Le Vickers "Valiant"

Le "Valiant" sera le premier des "V bombers", la flotte de bombardiers capables de transporter l'arme nucléaire. Conçu en tant que simple appareil de transition avant l'arrivée d'appareil plus moderne, il allait se révéler un appareil aux performances rivalisant avec ceux qui devaient le remplacer.

Le Vickers "Valiant"
Si l'Air Ministry avait besoin de bombardiers avancés, il fallait un appareil d'intérim, capable de prendre l'air le plus tôt possible pour ne pas laisser la Grande-Bretagne sans protection. C'est en ce sens que George Edwards, chef du bureau d'étude de Vickers va présenter la chose aux officiels : il s'engage même à faire voler l'appareil moins de 30 mois après la signature d'un contrat avec la RAF ! La mise au point commence donc sur les chapeaux de roues, et va mobiliser tout le bureau d'étude de Vickers de manière très intensive pour mettre au point un premier prototype.
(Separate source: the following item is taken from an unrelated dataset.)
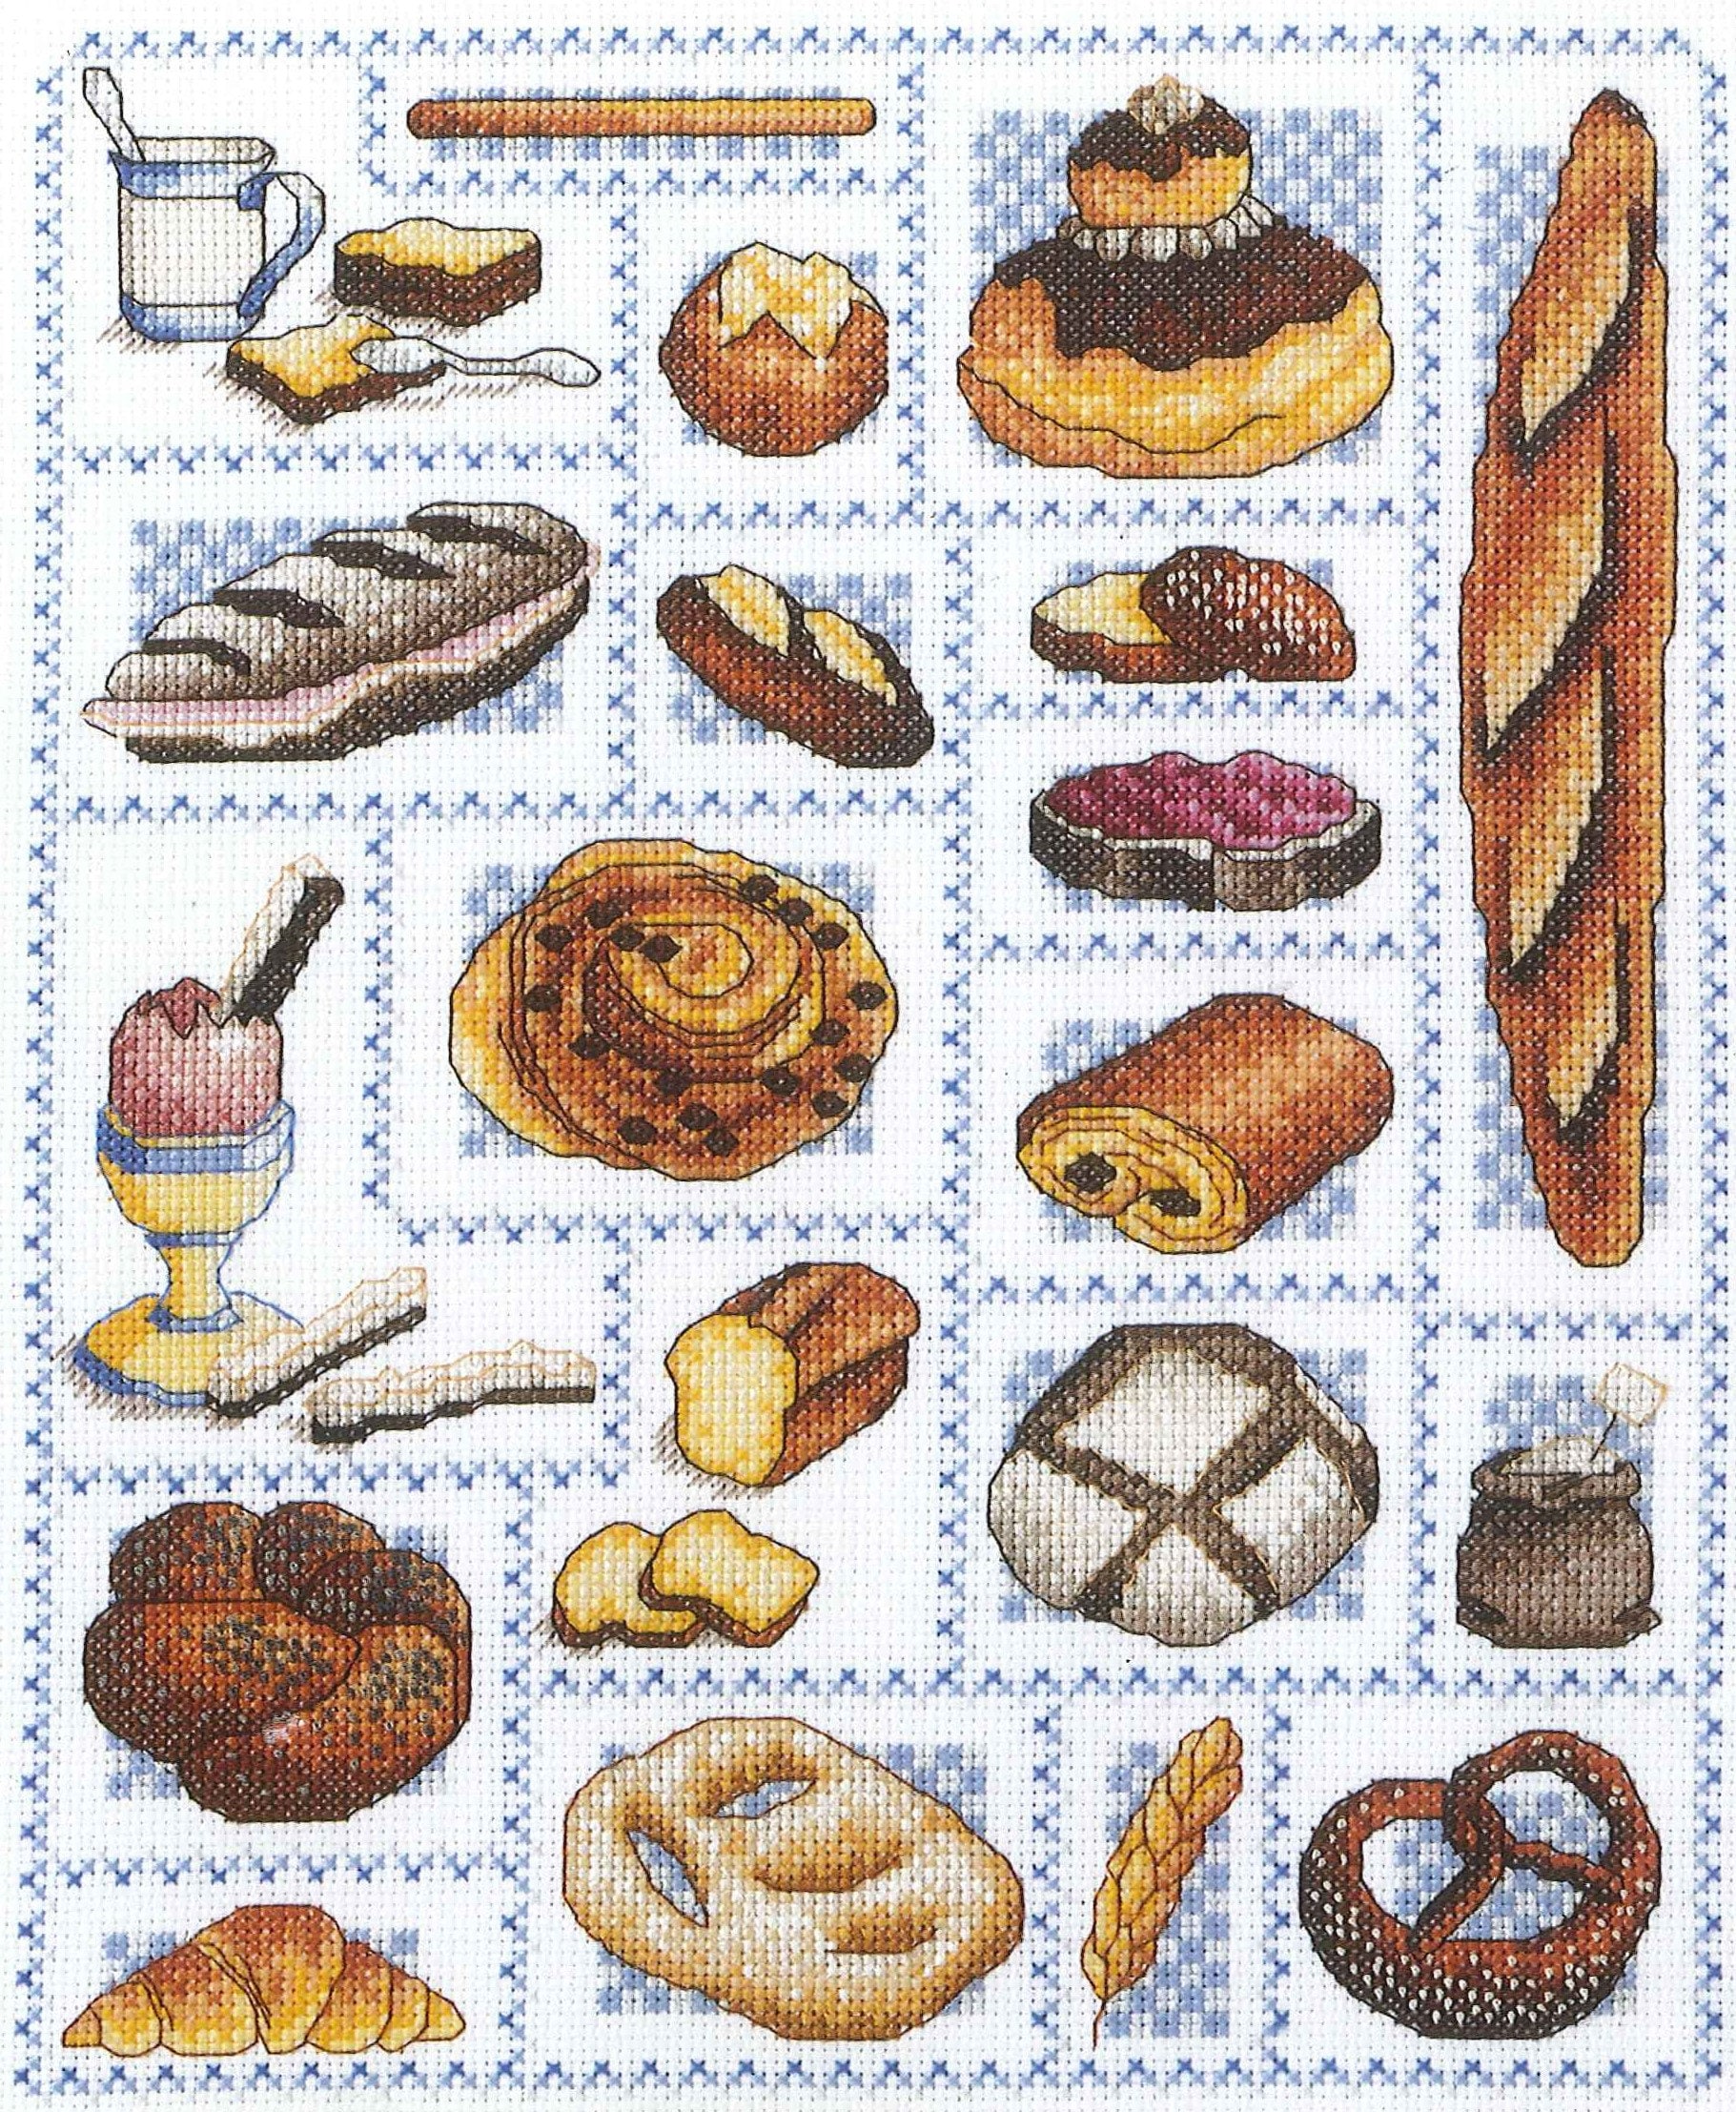 Juicy Lucy Eat Cake for Breakfast Cross Stitch Chart 
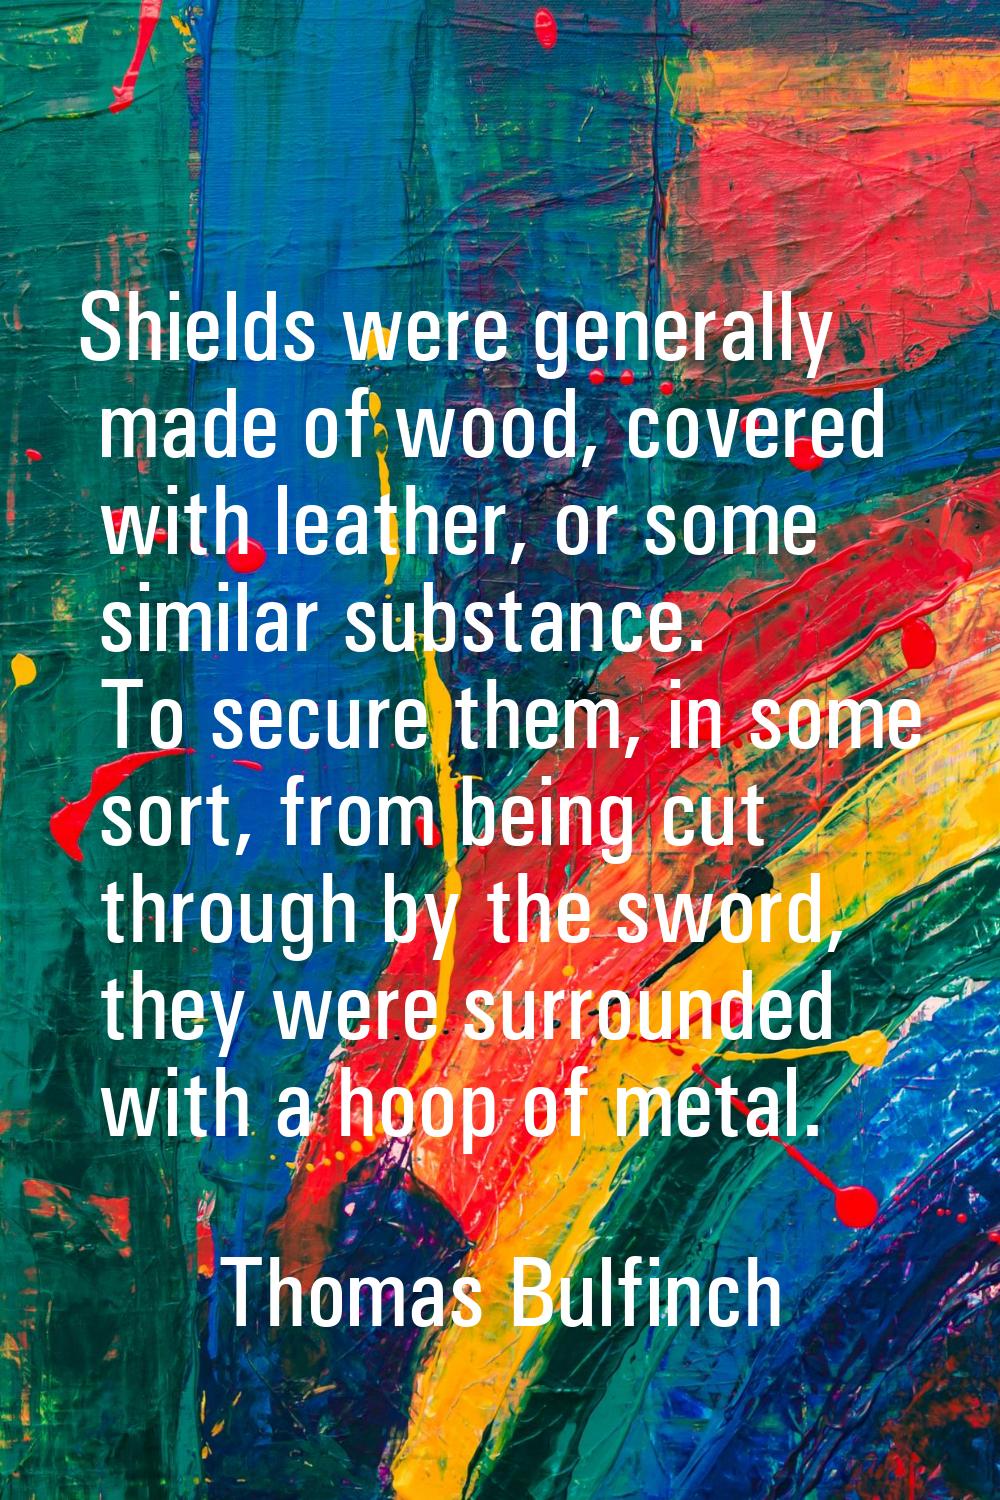 Shields were generally made of wood, covered with leather, or some similar substance. To secure the

Le prototype du "V660", immatriculé WB210 effectue son premier vol le 18 mai 1951, à partir de la petite piste en herbe de Wisley, usine d'assemblage de Vickers, concepteur de l'appareil. Piloté par Jock brice et Mutt Summers (qui était aussi le premier pilote du "Spitfire"), le prototype va vite révéler de belles qualités de vol. Ne pouvant rester à Wisley, il va partir pour Hurn, près de Bournemouth pour ses essais. Un mois plus tard, l'appareil est baptisé "Valiant" après un sondage auprès des employés de Vickers.

Ecorché du "Valiant"

Le prototype sera perdu peu de temps après, en janvier 1952, suite à un incendie en vol. Tout l'équipage est sauvé sauf le copilote qui va heurter la dérive lors de son éjection. L'enquête montrera que son siège éjectable n'était pas équipé de la bonne cartouche de poudre… Malgré cet accident, l'avion n'est pas mis en cause, et le programme d'essais en vol peut continuer. Le système de carburant sera modifié pour empêcher pareil drame à l'avenir et le deuxième prototype, Type 667 immatriculé WB215, prend l'air le 11 avril 1952

Le "Valiant possède une aile haute et un train d'atterrissage tricycle entourant une large soute à bombe capable d'accueillir la bombe atomique britannique, ou alors des bombes classiques. La particularité du Valiant est sa "colonne vertébrale" : Une unique poutre renforcée qui supporte à la fois la "wing box", la soute à bombe et le fuselage pressurisé. Cette poutre massive était réalisée en alliage de zinc et d'aluminium, un mélange qui se révèlera problématique par la suite. La queue est montée en arrière et en hauteur du fuselage, de manière à être loin des échappements des moteurs. La motorisation de série sera constituée du Rolls Royce "Avon 201" fournissant 4,2 tonnes de poussée. Les 4 moteurs sont implantés à la base des ailes contre  le fuselage. Les entrées d'air rectangulaires du prototype vont rapidement laisser place à des entrées d'air en forme de lunettes pour donner plus d'air au moteurs, surtout lors du décollage.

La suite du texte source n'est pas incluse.